ソフトウェア企業が長期にわたって価値を提供し続けるためには、ユーザーへの貢献・ビジネスの成長、そのストーリーとソフトウェアとの整合をとり続ける (写像) ということが非常に大事になってきます。
ここは「ユーザーへの貢献・ビジネスの成長、そのストーリー」にはっきりと意思があれば、踏み込めば踏み込むほど面白くて、その方針の不確実さと実現コストと後への影響を同時に評価し続けながら、具体化していくステップの踏み方を考え、一緒に議論し、それがビジネスとしてのストーリーにまた反映されていくことになります。そして、そこで得た理解と見通しから、またソフトウェアアーキテクチャを更新していきます。

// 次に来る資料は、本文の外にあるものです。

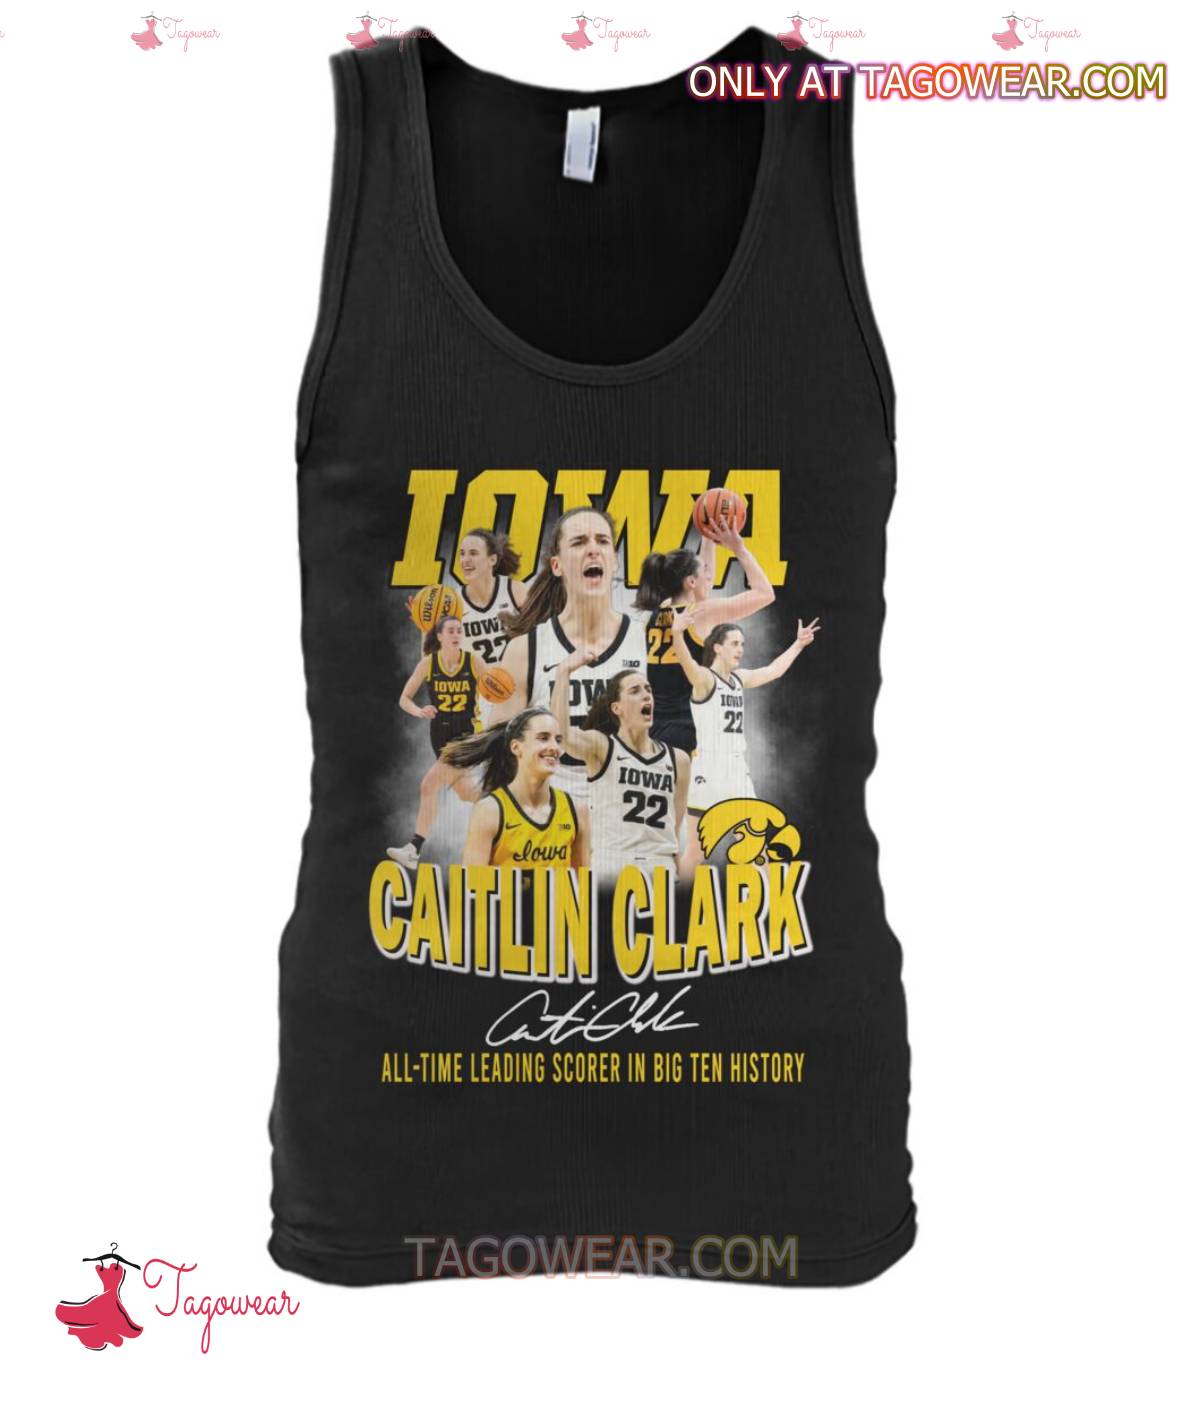 Iowa Caitlin Clark Signature All-time Leading Scorer In Big Ten History Shirt x

これは、技術に精通していて具体化をしていくときの手段について、会話の中で評価可能なエンジニアだからこそできる仕事になります。
この記事を読んでいる人の中にも、ビジネスの方針が伝えられたときに「これは後々困ったことになるな」と感じたことがある人は多いでしょう。むしろ数え切れないほどあるのが通常かもしれません。ビジネスの方針を考えている人はソフトウェアへ無関心だから仕方のないことなのでしょうか? 私はそうは考えません。たしかにソフトウェアの設計そのものへ関心がある人は少ないかもしれませんが、その結果、将来のビジネスの制約が増えてくると知ったら当然関心があるはずです。
このビジネスのストーリーをソフトウェアの設計へ織り込もうとすると、いくつかの選択肢があって、Aの選択肢をとったときには実現までの時間がかかる。Bの選択肢の場合は実現は手軽だが将来の選択肢や開発サイクルへの悪影響が考えられる。一方で、このストーリーははたしてどのくらいビジネスの中で重要なものなのか。今のテーマの中で順序をつけるとすると何番目のものなのか。インパクトと実現の確かさの見込みはどの程度のものなのか。そのときにA、Bの選択肢はインパクトや実現の確かさの見込みに対して筋の良いものなのか。他の選択肢はないのか。 こういったことを会話しながら今とるべき行動を決めていきます。
ソフトウェアの困難として目に見えないこと(不可視性)が言われますが、実はビジネスの構想も目に見えないものです。実現するまで検証ができないという点もよく似ています。共に不確実なものを扱っているので、それぞれに専門性を持つ人同士が今評価できるかぎりを評価し、いかに早く実際に試してみて市場からの結果で評価をするところまでたどり着くのかが大事なのだと思います。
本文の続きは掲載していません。